Note: The profiler reports a lot of time spent inside the function, so it's not just a matter of slow callbacks.

def tarjanSCC(roots, getChildren):
    """Return a list of strongly connected components in a graph. If getParents is passed instead of getChildren, the result will be topologically sorted.

    roots - list of root nodes to search from
    getChildren - function which returns children of a given node
    """

    sccs = []
    indexCounter = itertools.count()
    index = {}
    lowlink = {}
    removed = set()
    subtree = []

    #Use iterative version to avoid stack limits for large datasets
    stack = [(node, 0) for node in roots]
    while stack:
        current, state = stack.pop()
        if state == 0: #before recursing
            if current not in index: #if it's in index, it was already visited (possibly earlier on the current search stack)
                lowlink[current] = index[current] = next(indexCounter)
                children = [child for child in getChildren(current) if child not in removed]
                subtree.append(current)

                stack.append((current, 1))
                stack.extend((child, 0) for child in children)
        else: #after recursing
            children = [child for child in getChildren(current) if child not in removed]
            for child in children:
                if index[child] <= index[current]: #backedge (or selfedge)
                    lowlink[current] = min(lowlink[current], index[child])
                else:
                    lowlink[current] = min(lowlink[current], lowlink[child])
                assert(lowlink[current] <= index[current])
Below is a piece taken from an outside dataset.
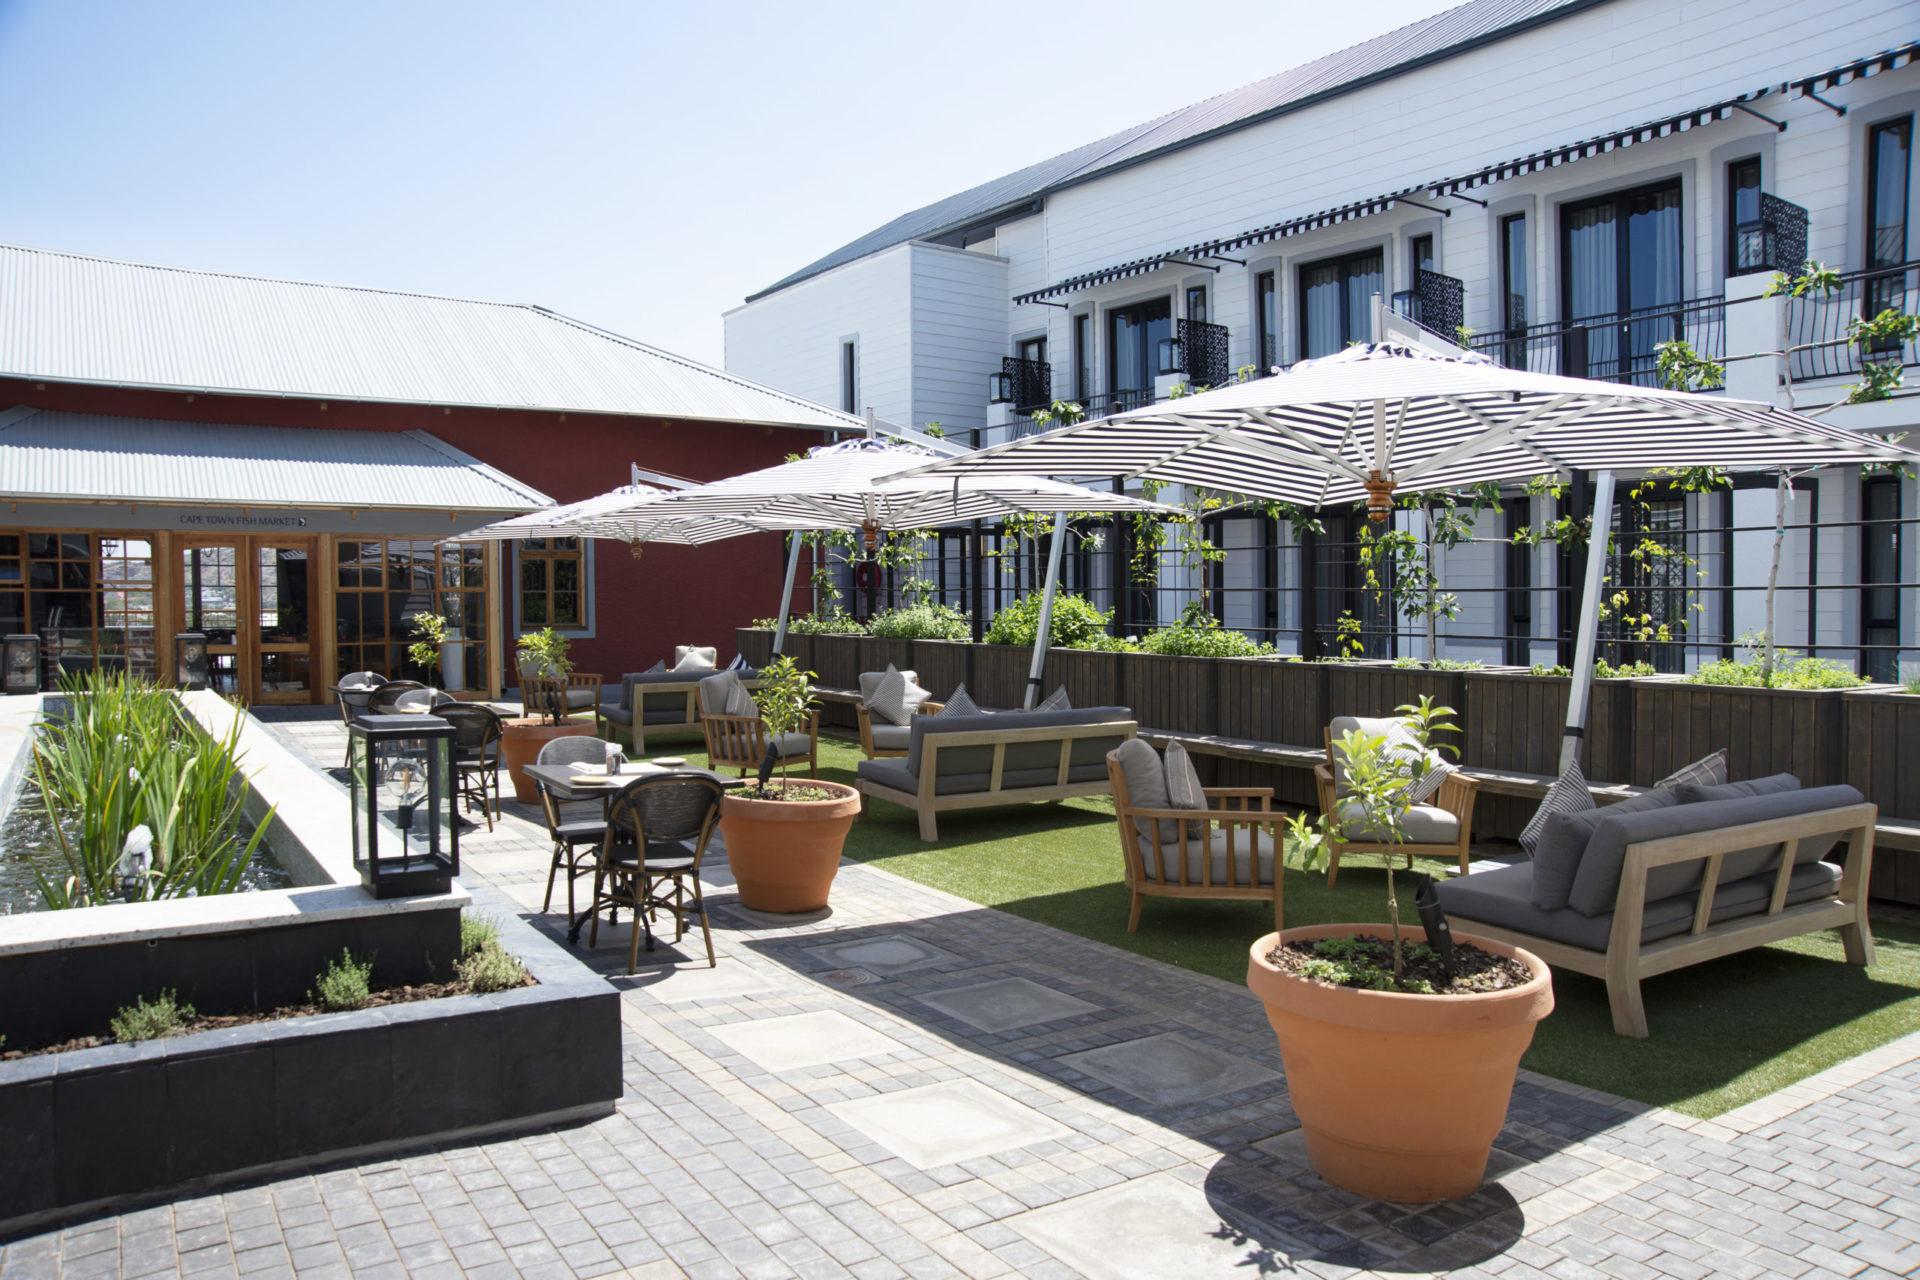 Namibia - 1552 - Am Weinberg - Courtyard

            if index[current] == lowlink[current]:
                scc = []
                while not scc or scc[-1] != current:
                    scc.append(subtree.pop())

                sccs.append(tuple(scc))
                removed.update(scc)
    return sccs

Answer 1

• You iterate twice over the children in both branches. Avoid that by combining these lines

  children = [child for child in getChildren(current) if child not in removed]
  stack.extend((child, 0) for child in children)
  

  to

  stack.extend((child, 0) for child in getChildren(current) if child not in removed)
  

  and these

  children = [child for child in getChildren(current) if child not in removed]
  for child in children:
  

  to

  for child in getChildren(current):
      if child not in removed:
  

---

• Instead of looping in Python and moving one item at a time here

      scc = []
      while not scc or scc[-1] != current:
          scc.append(subtree.pop())
      sccs.append(tuple(scc))
  

  try to use slicing like this. A possible disadvantage is that index searches from the beginning.

      i = subtree.index(current)
      scc = tuple(reversed(subtree[i:]))
      del subtree[i:]
      sccs.append(scc)
  

• Use local variables to reduce dictionary lookups. You can also bind methods such as stack.pop to local variables to avoid attribute lookup inside the loop.

• Also to reduce dictionary lookups, you could combine index and lowlink dictionaries. Put the pair of values in as a tuple or a list to take advantage of unpacking into local variables:

  next_index = next(indexCounter)
  index[current] = [next_index, next_index]
  ...
  index_current, lowlink_current = index[current]